One participant described how shared counselling made her "feel special and strong enough to be at ease" (White, 1995, p. 6). For another, identifying the grief she felt helped her to understand "where" she was in herself. Another came to the new belief that there was, after all, a place in the world for her. The women changed how they felt about themselves. Day to day life became less of a struggle. Moments of strength and clarity occurred, relationships and sleep improved and there was "less noise and confusion in my head" and less anger. Sexual assault was no longer seen as being their fault.

The shared counselling approach appears to support existential changes that empowered the women to feel on more solid ground within themselves and as such differs quite markedly from the symptom reduction approach that characterise most of the interventions described earlier. A much larger study of the impact of shared counselling is needed.

Rape Crisis Online

The NSW Rape Crisis Centre established a new service, Rape Crisis Online, in December 2005. The service provides a person-to-person, on-line, real-time information and support service for anyone who has been sexually assaulted and is the first of its kind. Targeted at young people, the service responds to the finding that many survivors of sexual assault report that the most difficult thing after the assault, is telling what has happened for the first time. Advantages of this approach as a first contact with services include survivors being able to access help from a quiet, private location, being able to type words rather than say them and being able to access instant support and information backed up by a website (NSW Rape Crisis Centre, 2005).

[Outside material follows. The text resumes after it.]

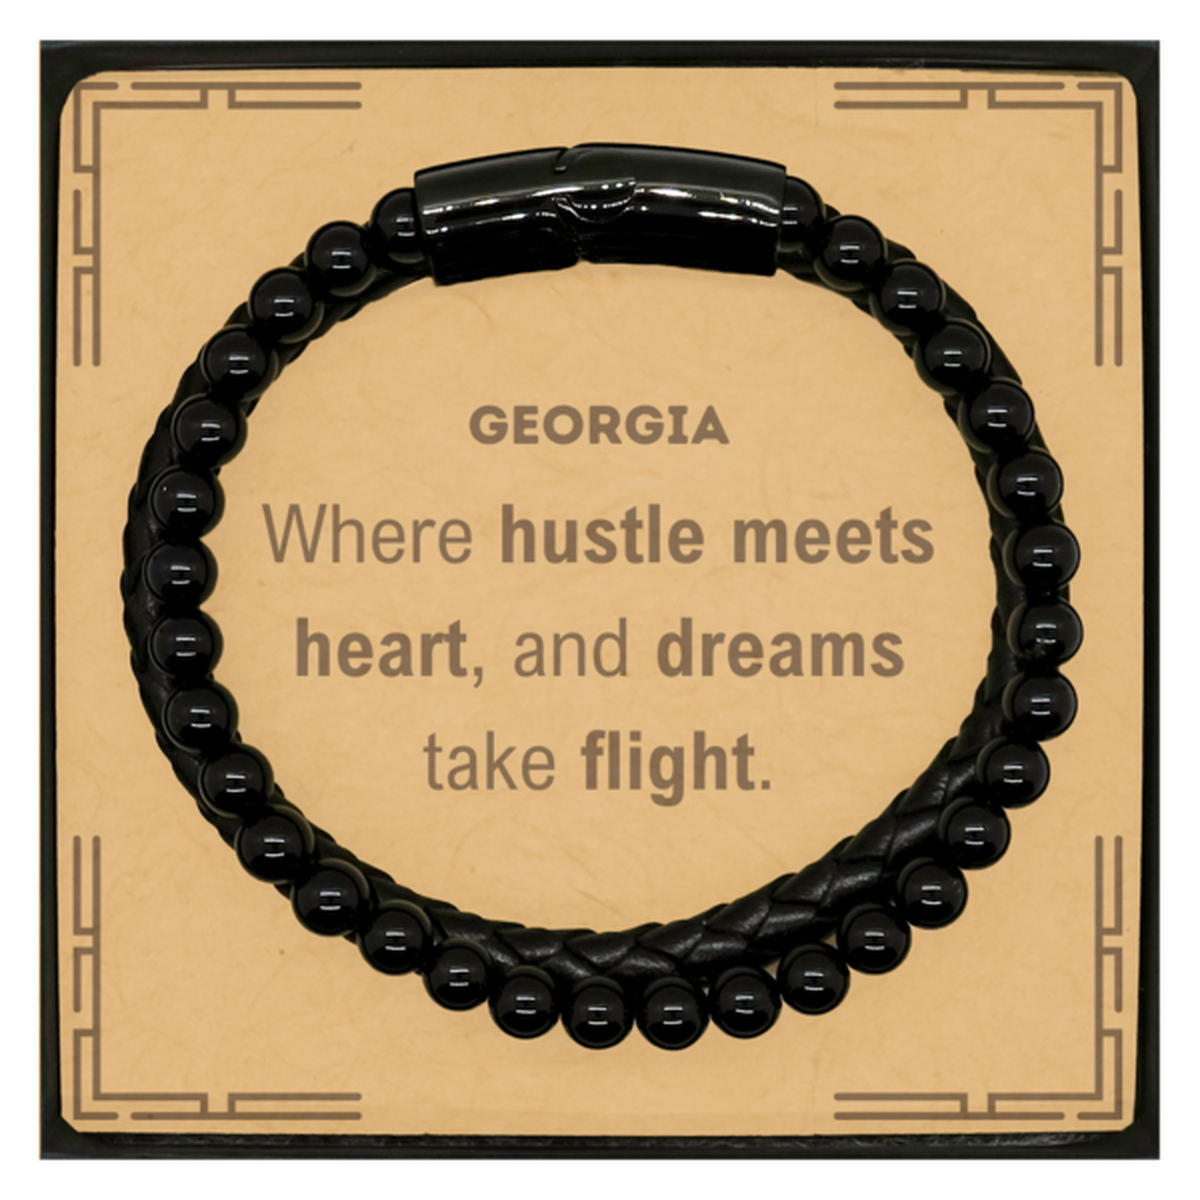 Georgia: Where hustle meets heart, and dreams take flight, Georgia Card Gifts, Proud Georgia Christmas Birthday Georgia Stone Leather Bracelets, Georgia State People, Men, Women, Friends

Information on the first seven months of operation provided by Jacqueline Burke, Counselling Coordinator at the NSW Rape Crisis Centre, indicates that a total of 149 online contacts were made by 93 individual people to Rape Crisis Online up to July 31, 2006. Around a third had never spoken to anyone before about the violence. The majority (64%) were aged between 16 and 34 years, with approximately 30% from rural NSW. Callers were encouraged to make contact with the NSW Rape Crisis Centre and over a third made subsequent telephone contact. For those who did not want to make contact, counsellors suggested other options.

In line with Lievore's (2005) finding, 30% of callers did not talk directly about being assaulted but asked questions such as "if someone did … to me, is that sexual assault?". The language and content of most of these calls indicated that the authors were young and wanting help but were unsure of the outcome of 'telling'. Of the callers who spoke directly of sexual violence, 30% had been assaulted in the past seven days and 50% had been assaulted six months or more ago. Overall, 40% had been sexually assaulted as adults, 30% had been assaulted when they were children and a few had been gang raped. On line contacts followed the same pattern as telephone contacts with 68% of calls being received between 3 pm and 11 pm.